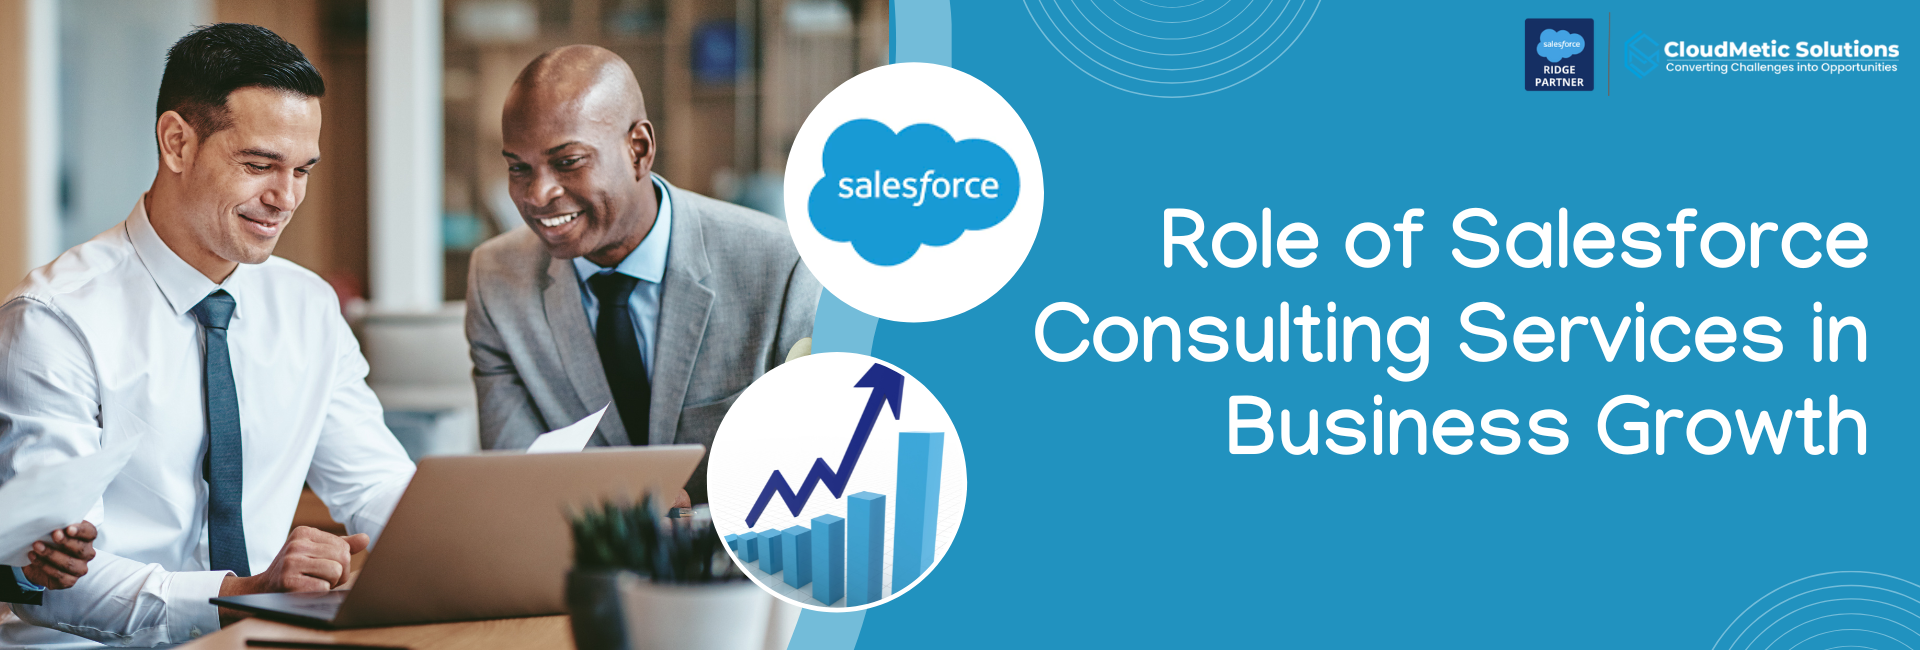 The Role of Salesforce Consulting Services in Business Growth
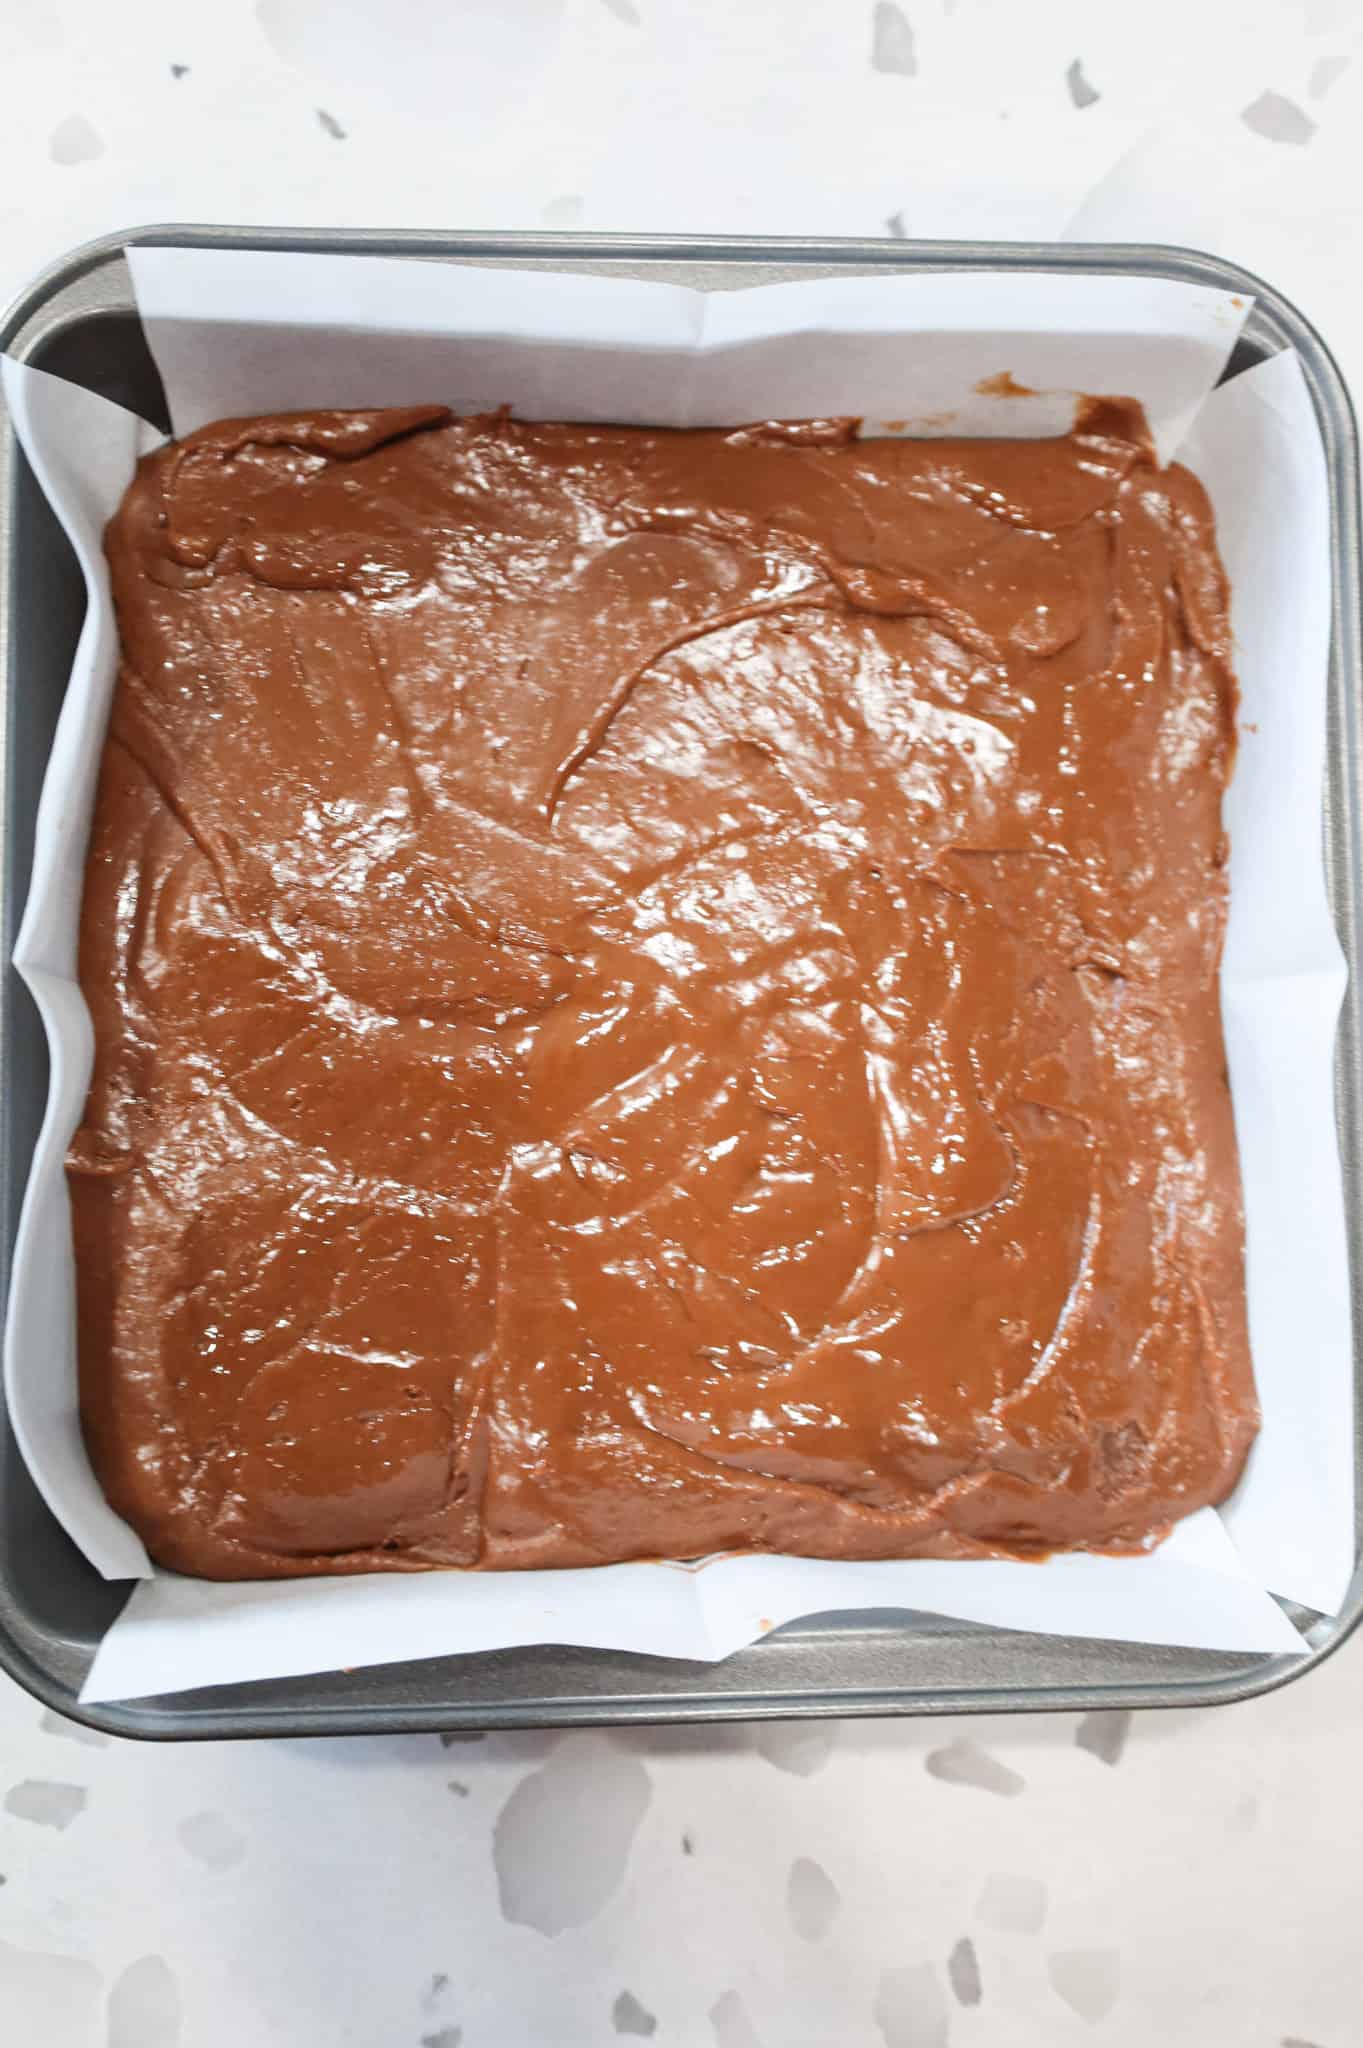 milk chocolate mixture spread in a parchment lined baking pan
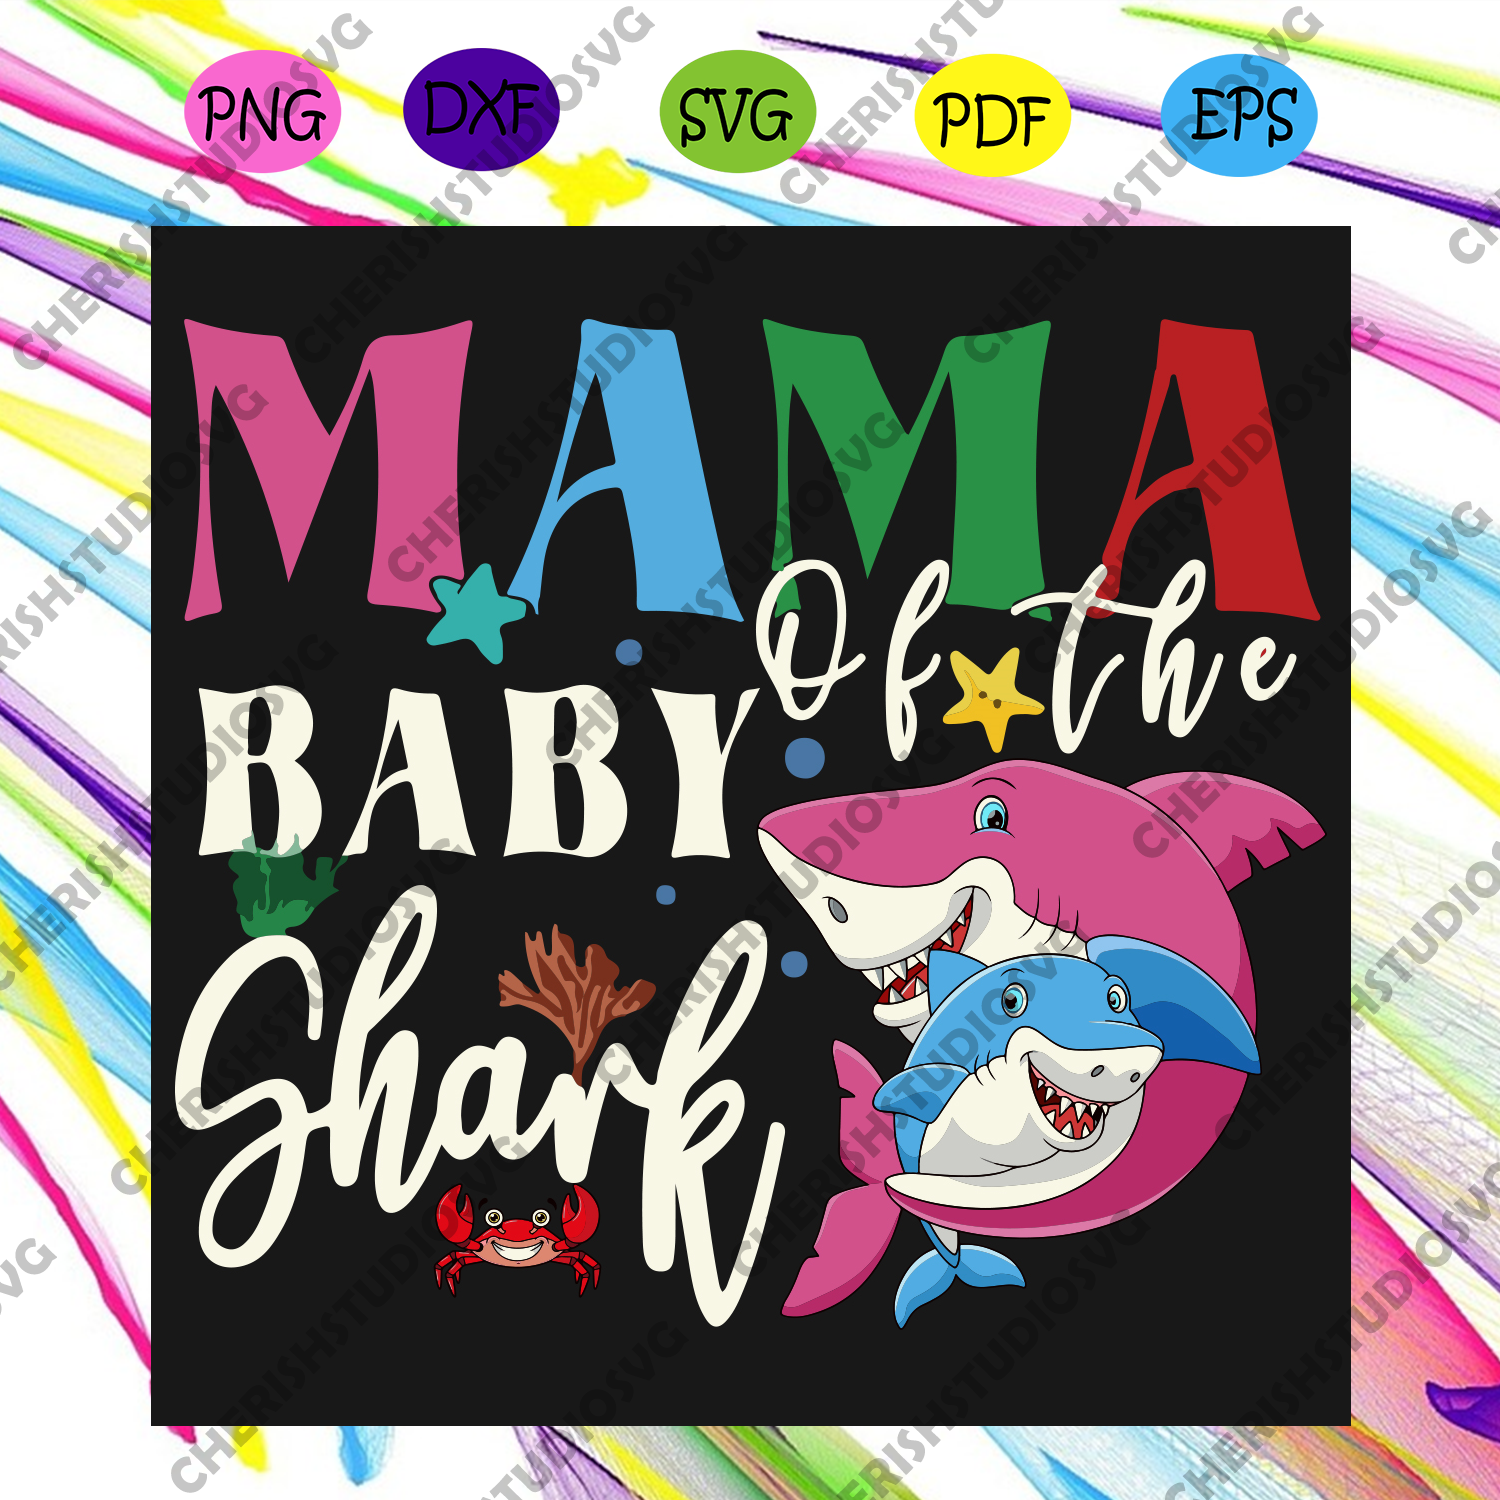 Download Mama Of The Baby Shark Mothers Day Cute Family Svg Mothers Day Svg M Cherishsvgstudio

---

- _WHAT YOU WILL DO_:
Set the material above down again word for word. Include none of its pictures.

- _SOLUTION BELOW_:
 The Role of Salesforce Consulting Services in Business Growth
 milk chocolate mixture spread in a parchment lined baking pan
 Download Mama Of The Baby Shark Mothers Day Cute Family Svg Mothers Day Svg M Cherishsvgstudio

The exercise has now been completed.